Conversely, shows like Broad City, Grown-ish, The Bisexual, Brooklyn Nine-Nine and even Jane the Virgin don’t use bisexuality as a plot point but rather incorporate it as a key character trait. Their sexuality doesn’t define their morals, their values or their narrative arcs. They’re allowed to be funny and fun to watch, lovable and messy, with rich interior lives and narrative arcs that go beyond their sexuality.

The connective tissue between the Murderous Bisexual and the Messy Bisexual is Killing Eve’s Villanelle, who is savage, chic, extremely good at her job (granted, that job is killing people) and has zero vacillation about her sexuality. She is also messy, funny and more childlike than sexy. Villanelle has a rich, complex relationship with Eve, the emotional nuance of which distances her from the Murderous Bisexual trope.

“Danielle is a Messy Bisexual, yes, but crucially her sexuality does not define her messiness.”

Meanwhile, Broad City’s Ilana is an oversexed bisexual tornado but is still devoted to her friendship with Abbi; Brooklyn Nine-Nine’s Rosa Diaz, who comes out as bisexual in the fifth season, has a lot more to her as a character than just her sexuality – her story doesn’t hinge on her coming out. In these shows, the Messy Bisexual doesn’t performing their sexuality for the sake of titillating another character or the audience. With the rise of the Messy Bisexual, bisexuality has evolved from a wink-wink-nudge-nudge plot point to a core – but not defining – aspect of a character’s identity.

Yet film has been curiously slow to catch up. With the notable exception of bisexual filmmaker, actor and bisexual icon Desirée Akhavan, who has single-handedly raised awareness of bisexuality on screen with her films Appropriate Behaviour and The Miseducation of Cameron Post, and appropriately-titled series The Bisexual, there have been very few films which have embraced bisexual characters.
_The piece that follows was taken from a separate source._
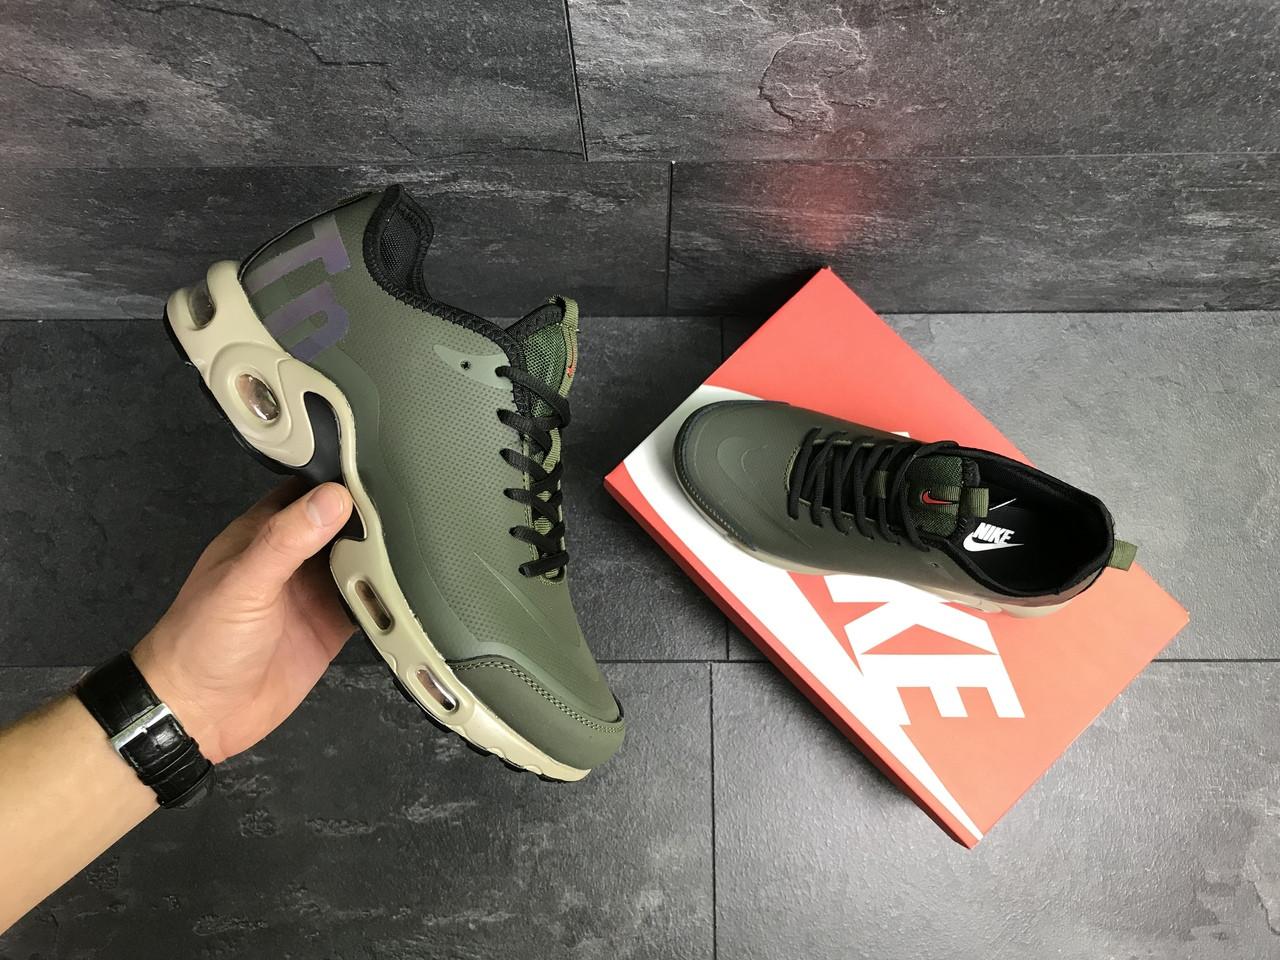 567722cb Я в шоке!™ | Мужские кроссовки темно зеленые Nike Air Max TN 7269 ...

Enter the Shiva Baby. While historically the sexual fluidity of bisexual characters has been presented as something to fear and distrust, Emma Seligman’s feature-length directorial debut creates a Messy Bisexual for the ages. Sitting somewhere between a coming-of-age comedy and a horror of young adult anxiety, Shiva Baby ushers in a new era for bi characters.

Rachel Sennott’s Danielle is a chaotic mess. She’s unfocused and anxious. Her bisexuality is the only thing that’s not unclear to her. Even as everyone around her – especially her family – tries to pass off her sexuality as an “experimental phase” and actively keeps her away from her ex Maya, Danielle is steadfast in who she is. “You think that everyone who’s bi is experimenting!”, she snaps at her mother in one scene.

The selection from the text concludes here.